Monetary expansion has so far not halted the slowdown of Western economies and it is creating a structural financial problem. With a prolonged period of financial decisions based on extremely low interest rates, and with money creation on such a large scale, there will be a series of financial collapses as soon as any attempt is made to raise interest rates. The global economy is locked into a prolonged period of ultra-low interest rates and expansionary monetary policy.

How does this affect China? One immediate risk is inflation. Even before QE3 was officially announced, media speculation preceding it precipitated a sharp increase in global commodity prices. The Dow Jones-UBS index of spot commodity prices rose by 18 percent between June and October, with even more rapid increases in key food prices following the additional impact of drought in the US. The resulting food price rises stimulated social unrest in the Middle East, South Africa and India. As China's CPI follows world commodity prices, China's economic policy must guard against inflationary risks.

However upward pressure on global commodity prices created by QE3 is countered by downward pressure due to the world economic slowdown. Global commodity prices remain 9 percent below the level reached in early 2011 when they propelled China's CPI to 6.5 percent in July. China is limited in the type of expansionary policies it can pursue due to the fact that it must exercise caution. So far, however, the international situation does not indicate that inflation in China is likely to become an insoluble problem.
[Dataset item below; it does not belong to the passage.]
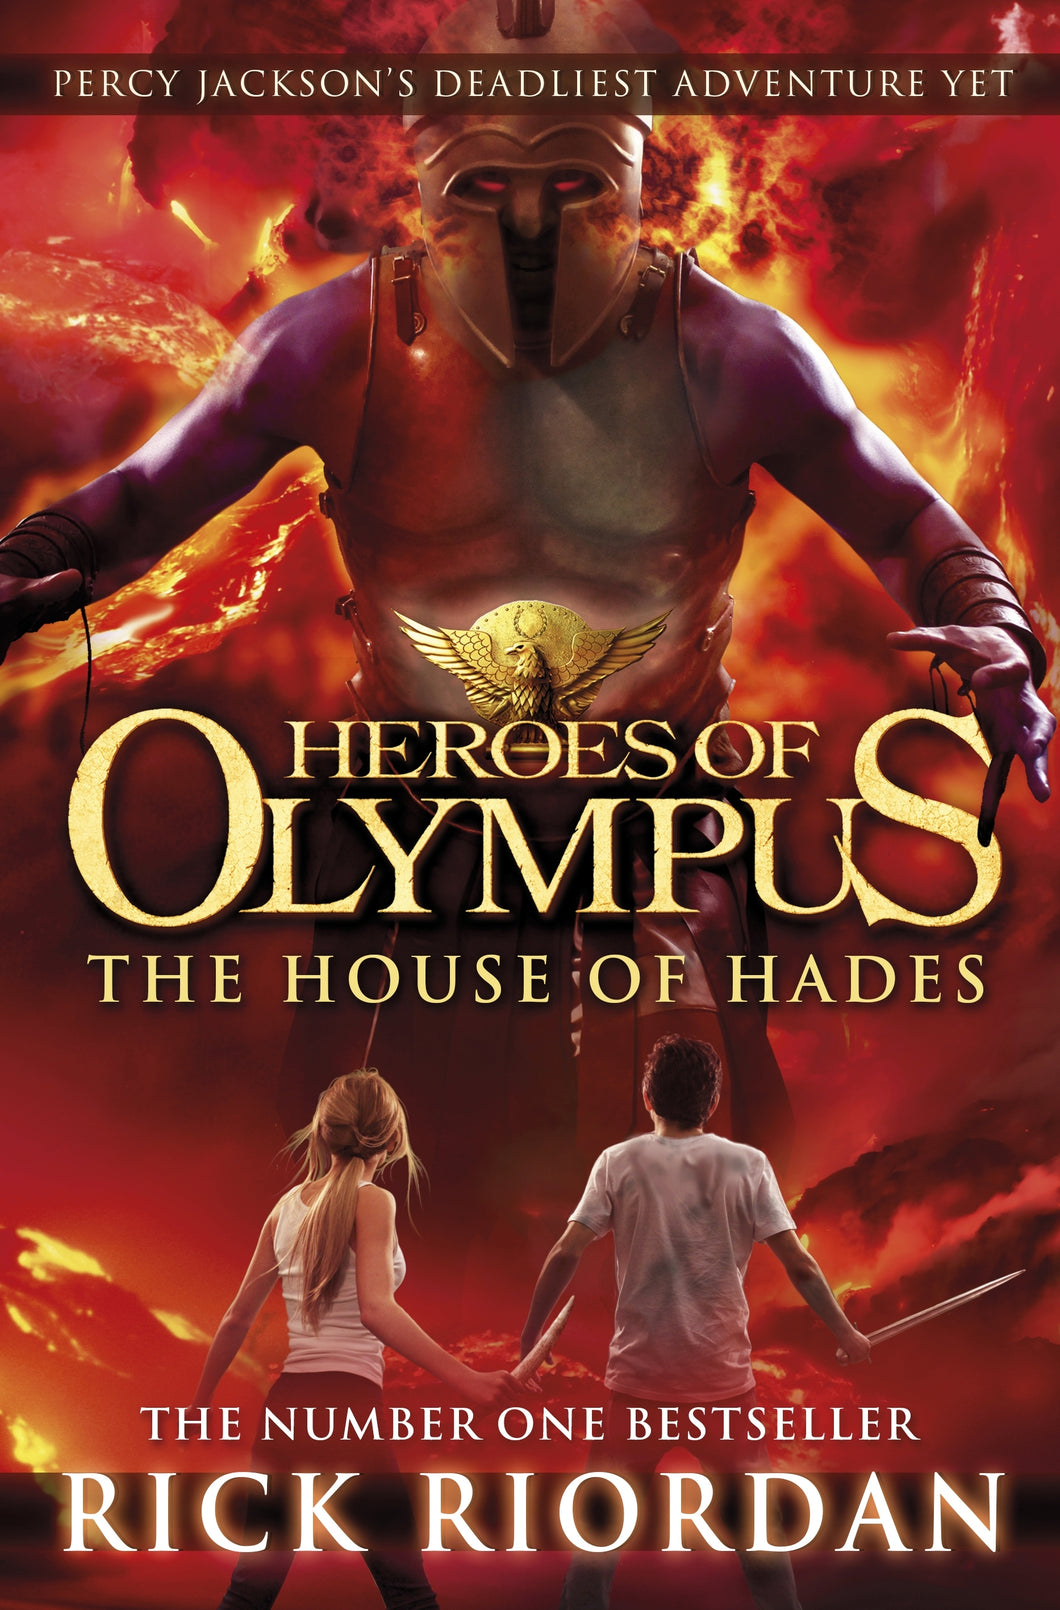 Heroes of Olympus 4 The House of Hades by Rick Riordan

The large monetary injections by the US, ECB and Japan pose other threats. Parts of the monetary emission will inevitably spill into other economies, including potentially China's, threatening to create asset bubbles. For this reason leading international monetary experts, such as Barry Eichengreen, have advised countries to strengthen administrative currency controls.

Given this situation, China's central bank has rightly been cautious with regard to monetary easing. Rather than making further reductions in interest rates, or cuts in reserve requirements, since July it has preferred to deal with domestic liquidity issues by short term monetary injections which can be reversed relatively rapidly.
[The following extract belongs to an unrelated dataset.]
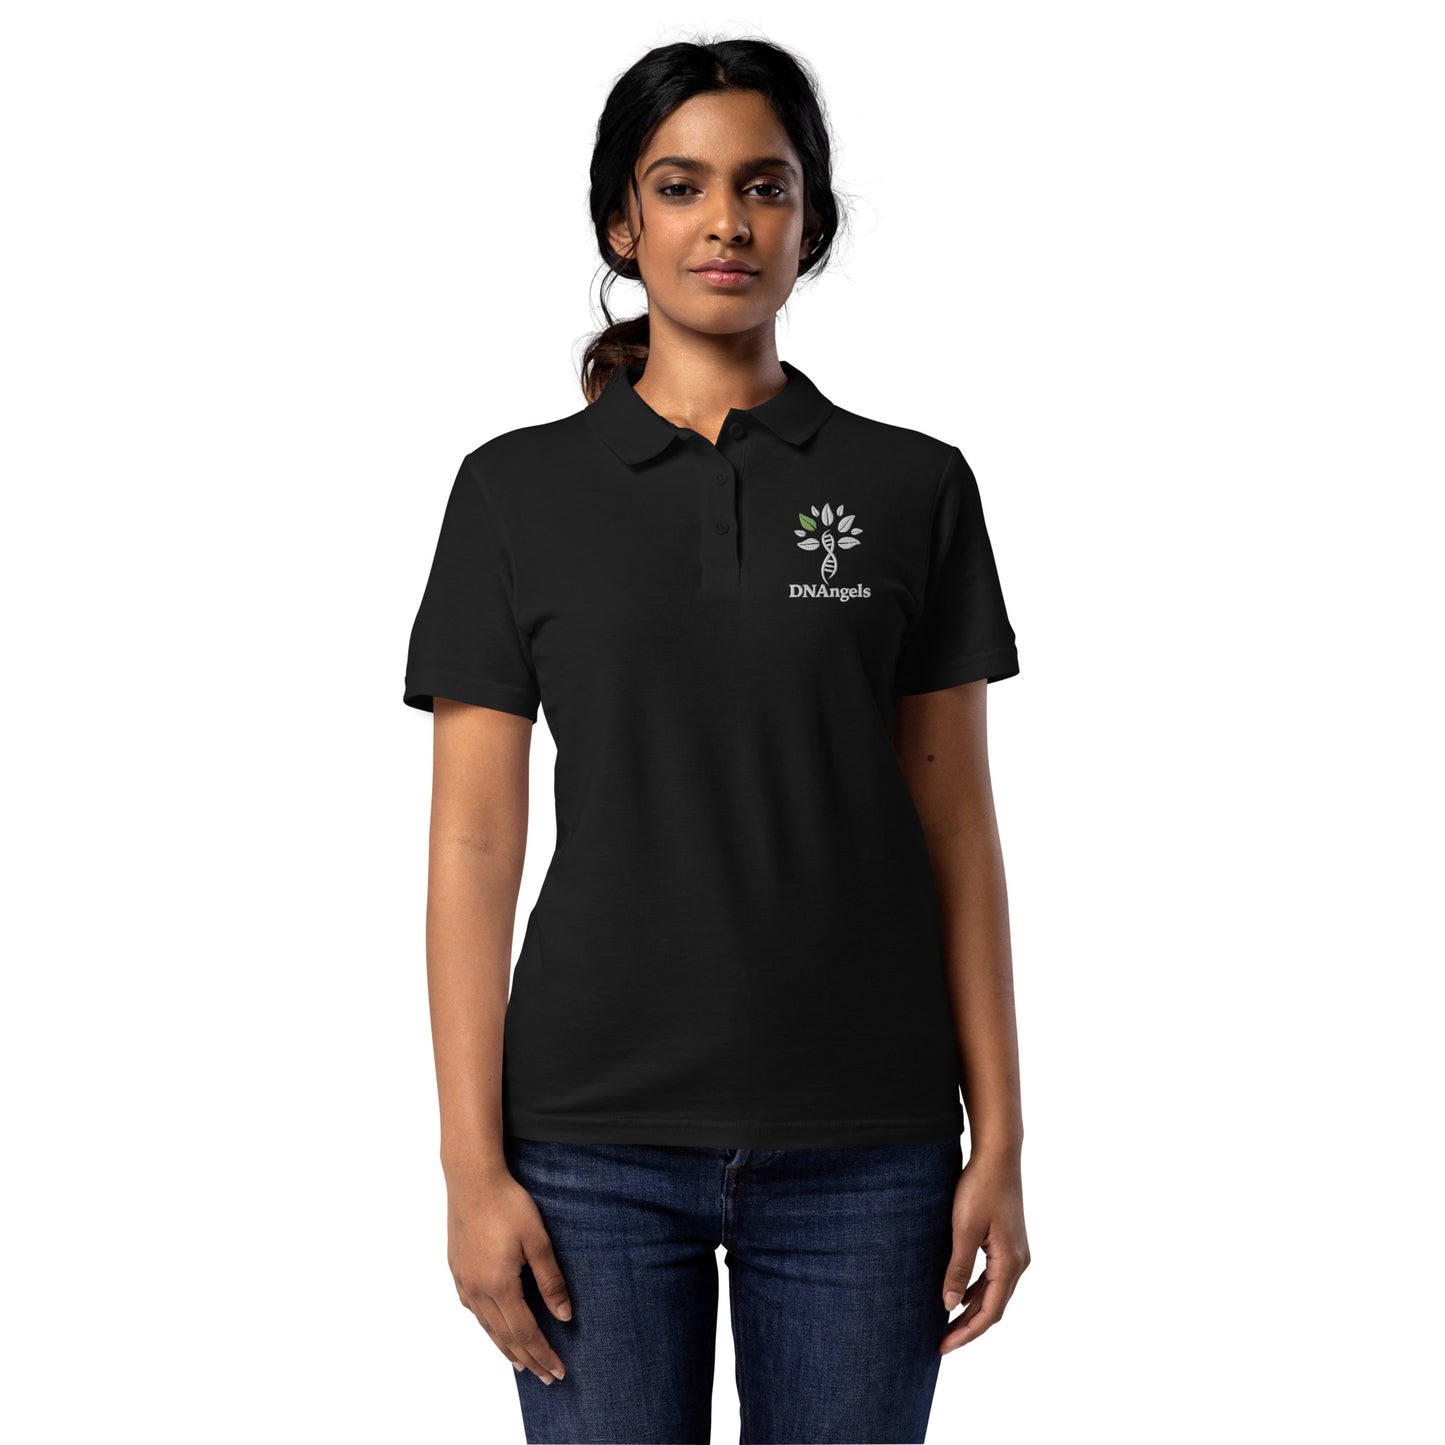 DNAngels Women’s Embroidered Polo

Given the downward pressures from the world economy, China clearly must boost domestic demand. However, the Western Central Bank policies already described mean that this must largely be done by means which directly stimulate China's productive economy rather than by generalized monetary emissions. Given this, the key question becomes: How should such a stimulus be divided between investment and consumption?

China's former World Bank chief economist Lin Yifu has rightly argued that, for long-term economic reasons, an economic stimulus is better delivered via boosting investment rather than consumption. The same conclusion follows from trends already described in the business cycle since the financial crisis hit. Nevertheless, China has significantly increased its percentage of investment in GDP since 2008 and practical management factors must be taken into account - it is difficult to deliver very large increases in investment efficiently. For that reason, China's recent economic policy moves to moderately boost both consumption and investment are appropriate. Investment increases were included in measures adopted in the summer. Steps to boost consumption were taken by, for example, abolishing road tolls during China's recent Golden Week holiday - a measure designed to encourage tourism.

Massive monetary emissions by Western Central Banks are unlikely to lead to significant growth in their economies, given they fail to deal with the underlying problem of falling investment. They will, however, create problems for others in the world economy. No country, including China, can entirely escape all the problems which will result from the travails of struggling Western economies. But the structural superiority of China's socialist market economy over Western free market ones means that, as has been the case since 2008, China will continue to ride periods of economic turbulence far more successfully than other major countries.